One interesting point in UBS’s announcement is that the wider brokerage itself will not cease collecting retirement account commissions and therefore will likely have to depend on the best-interest contract exemption (BICE) to some degree. UBS says that client choice remains important and is the defining driver of its decisionmaking, and that individuals can still opt for accounts that require them to pay commissions on each transaction, rather than a flat fee based on assets.

In effect, UBS as an entity will still receive the commissions from retirement accounts, thus altering the firm’s gross compensation and potentially triggering a prohibited transaction under the fiduciary rule expansion—thus requiring deployment of the BICE. However, the adviser would still be able to service this relationships in a non-conflicted manner because the commissions would no longer factor into setting their level of pay, and so the adviser will not have an incentive to repeatedly trade in retirement accounts for the sake of higher bonuses, even though UBS would theoretically make more money. 

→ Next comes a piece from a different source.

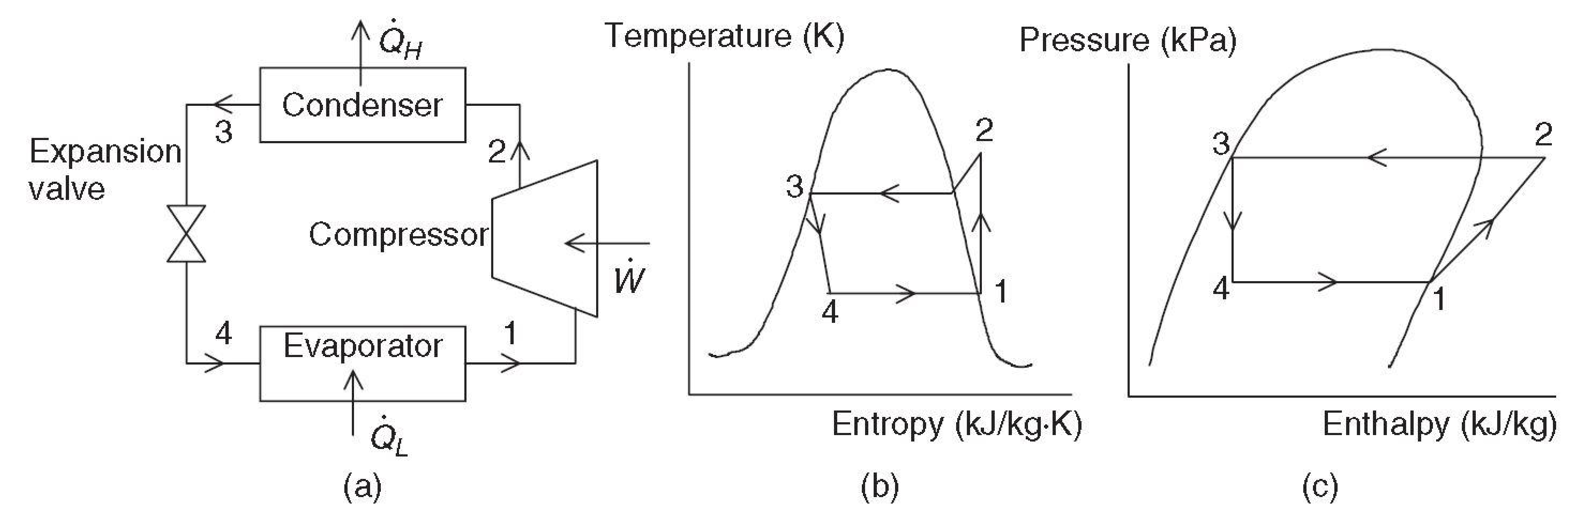 Figure 1: (a) A basic vapor-compression refrigeration system, (b) its T-s diagram, and (c) its log P-h

The firm acknowledges it is trying to take a non-disruptive approach here, for both clients and advisers, given that the long-term future of the new conflict of interest standards are still uncertain. As many have argued during the lengthy process it took to get the fiduciary rule in place, there are clients who would surely pay less (potentially a lot less) under the old commission-based models than they would under a new asset-based fee. Simple logic confirms clients who do not frequently trade their holdings are served better by paying up-front commissions rather than by being required to repeatedly pay the adviser/broker an asset-based fee for advisory services they do not really want/need.